**Goal of the exercise:** Repeat the data that follows, word for word, without the images.

**Dataset excerpt:**
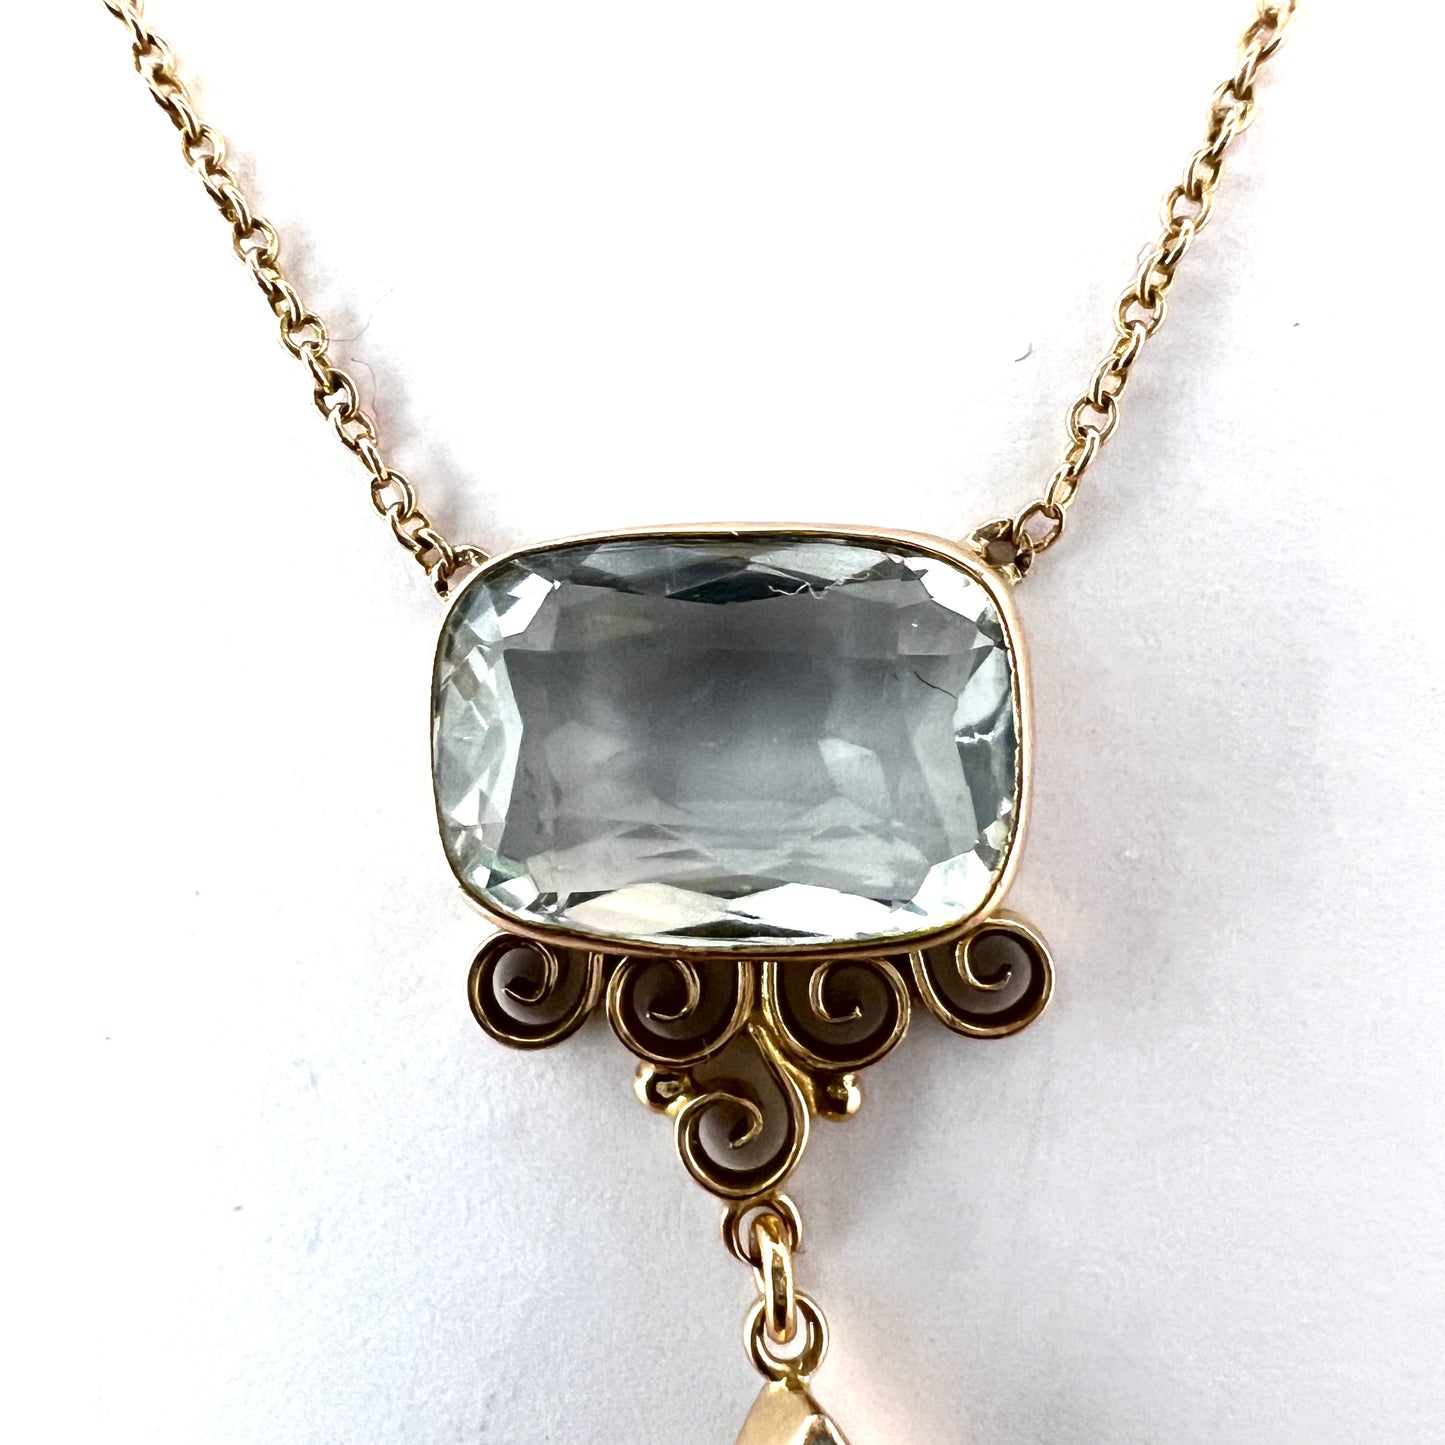 Antique c 1910s 14k Gold Pale Blue Paste Pendant Necklace.
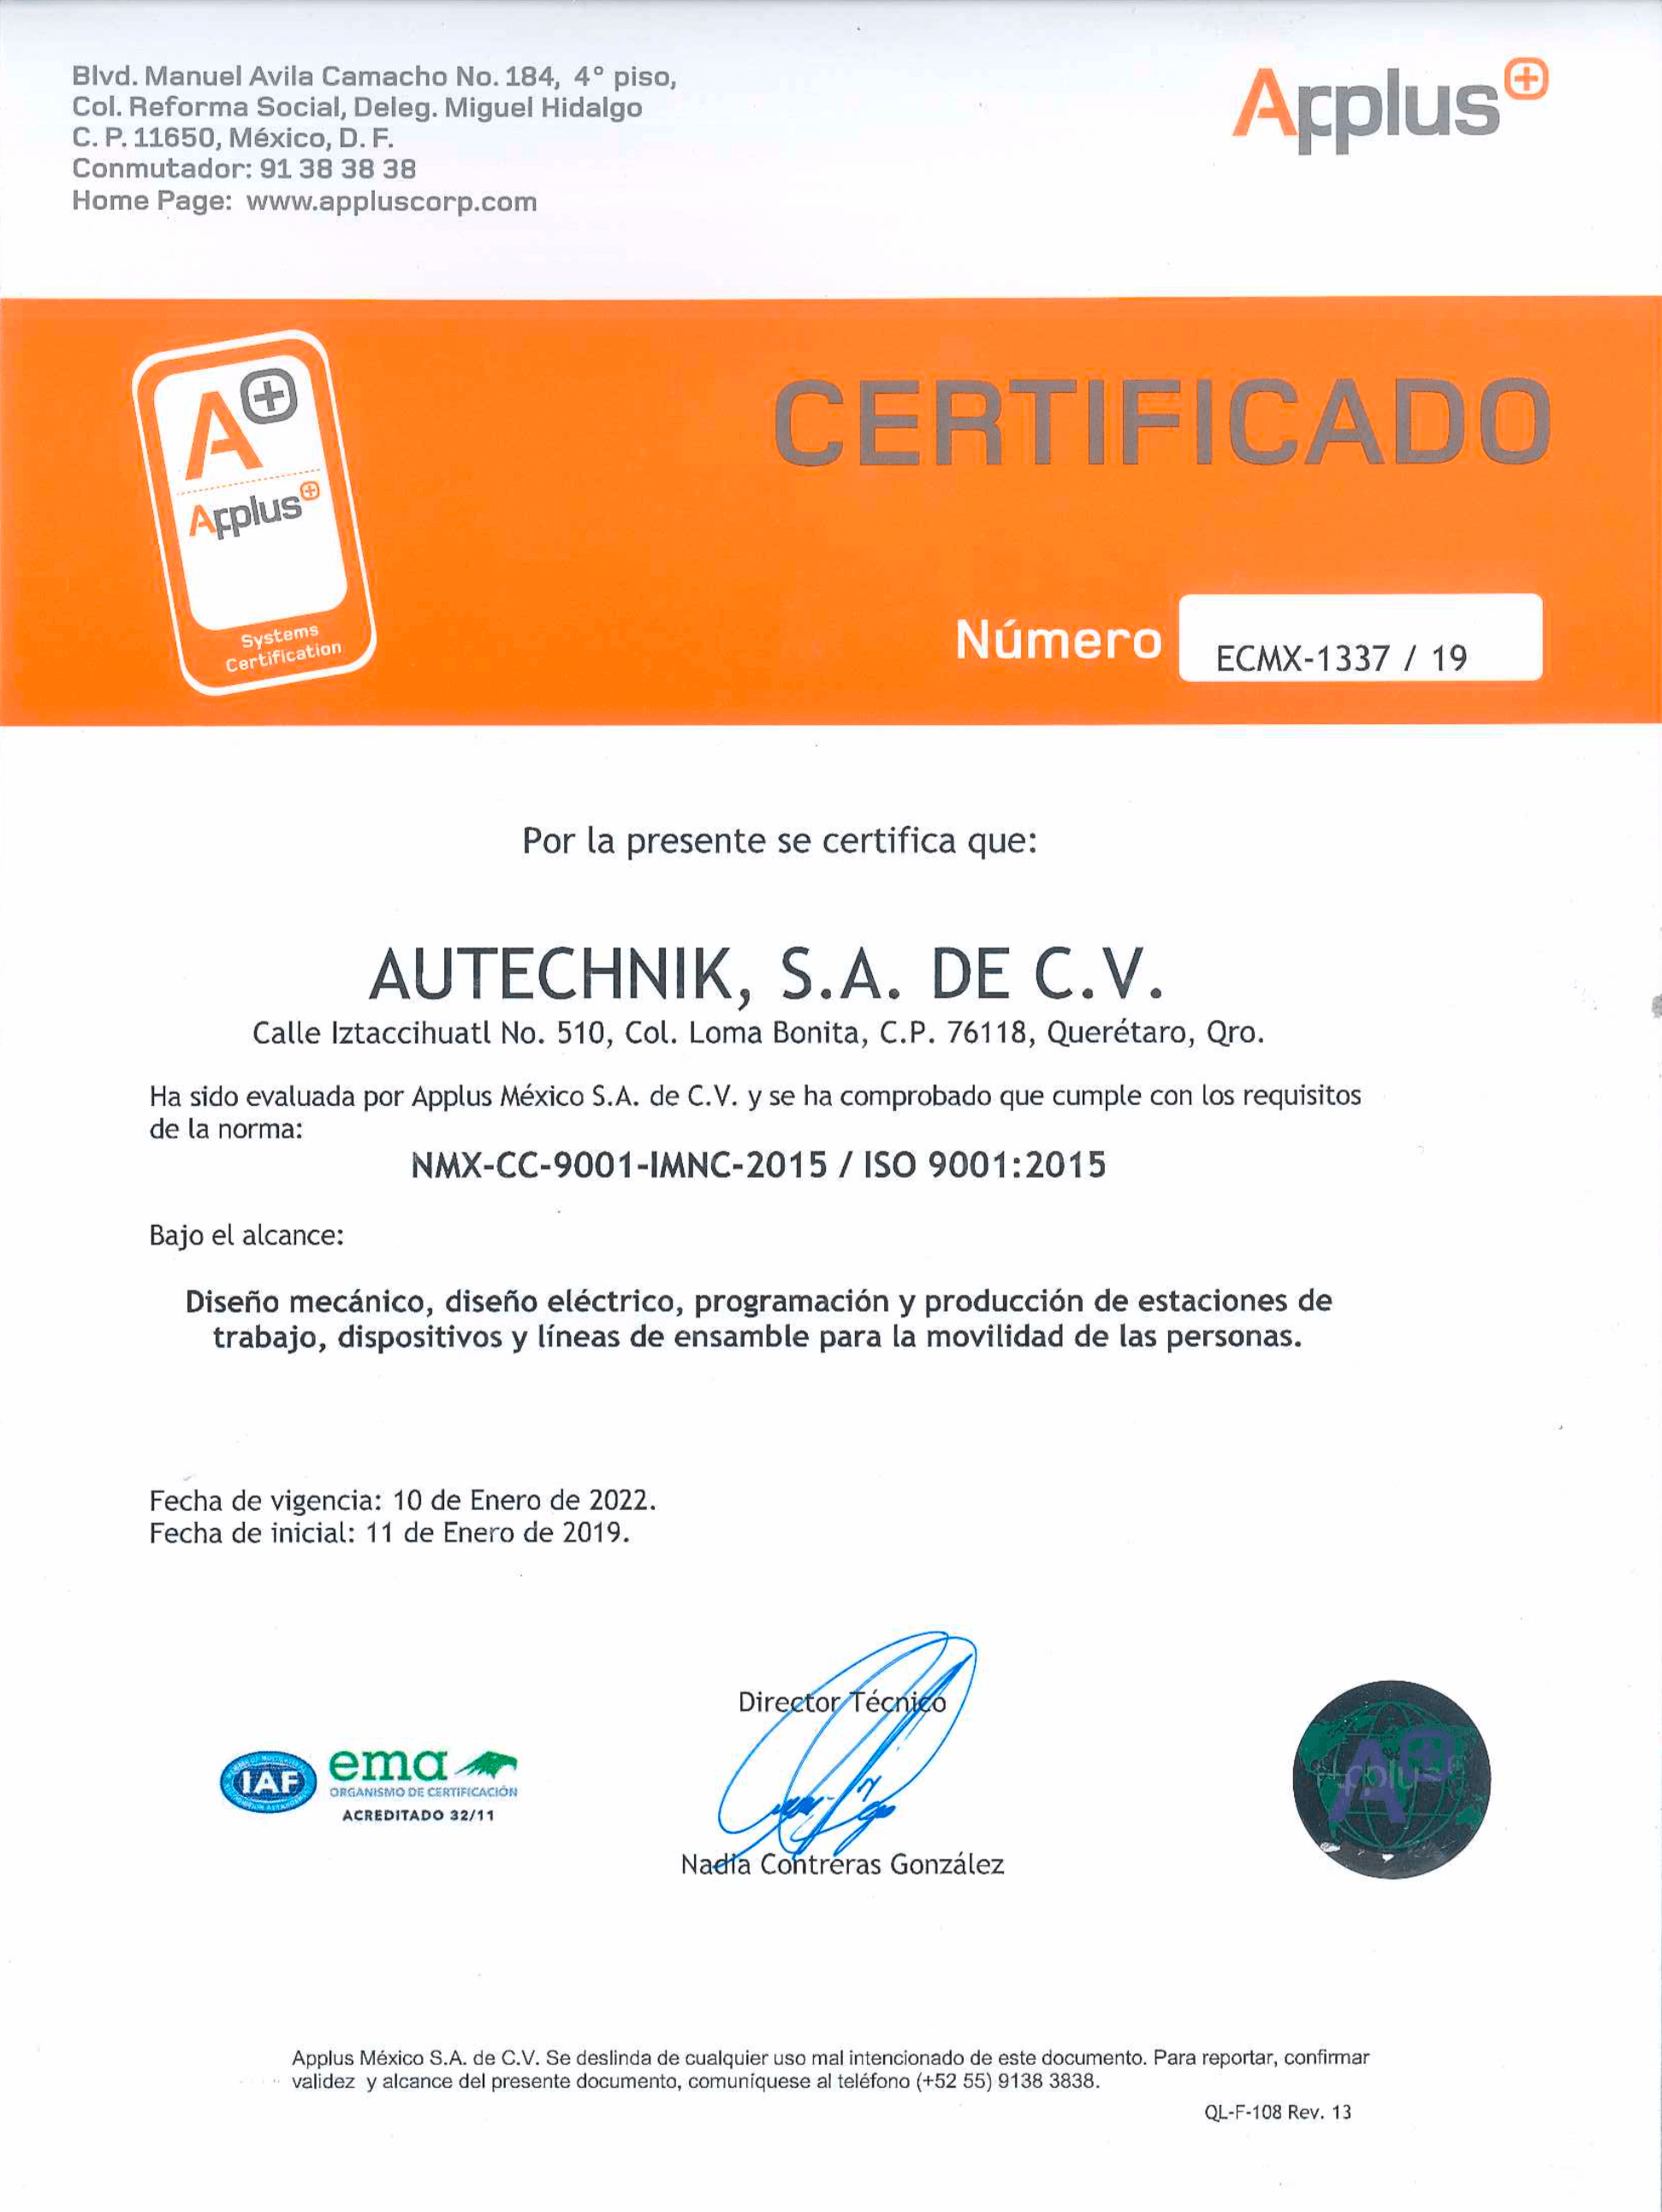 Cetificado ISO 9001:2015 Autechnik
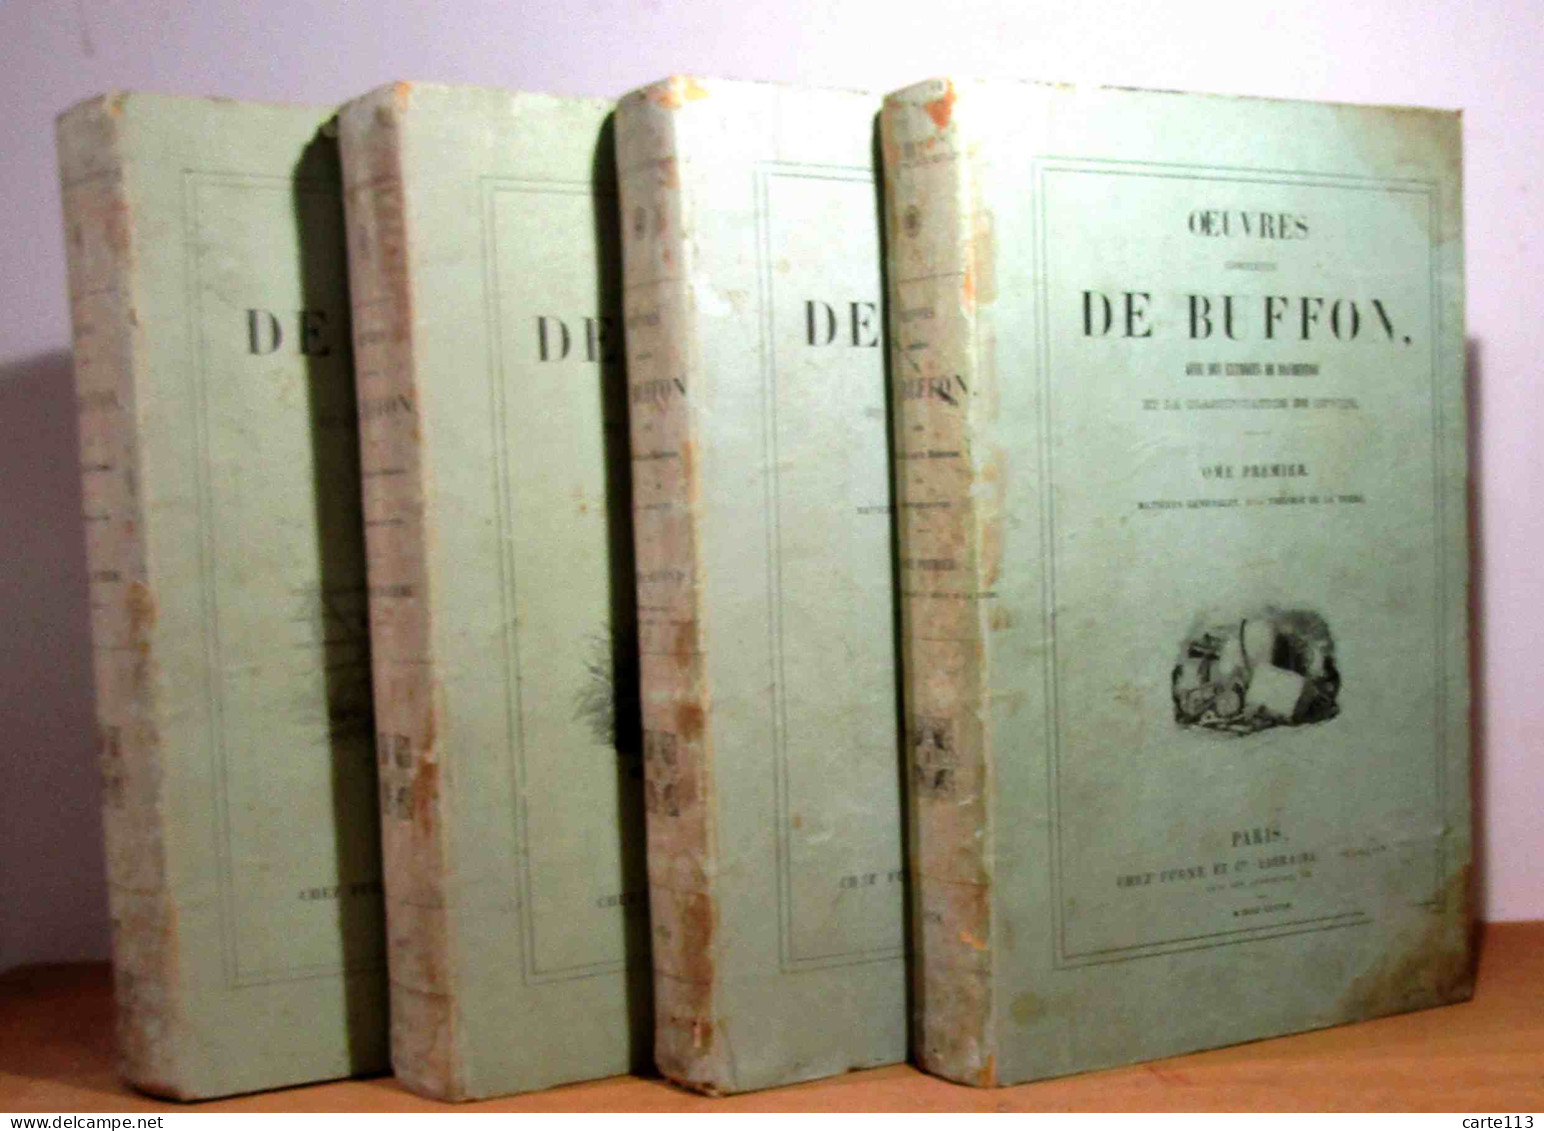 BUFFON Georges-Louis Leclerc, Comte De - OEUVRES COMPLETES DE BUFFON, AVEC DES EXTRAITS DE DAUBENTON ET LA CLA - 1801-1900

**The completed task:**
 Antique c 1910s 14k Gold Pale Blue Paste Pendant Necklace.
 Cetificado ISO 9001:2015 Autechnik
 BUFFON Georges-Louis Leclerc, Comte De - OEUVRES COMPLETES DE BUFFON, AVEC DES EXTRAITS DE DAUBENTON ET LA CLA - 1801-1900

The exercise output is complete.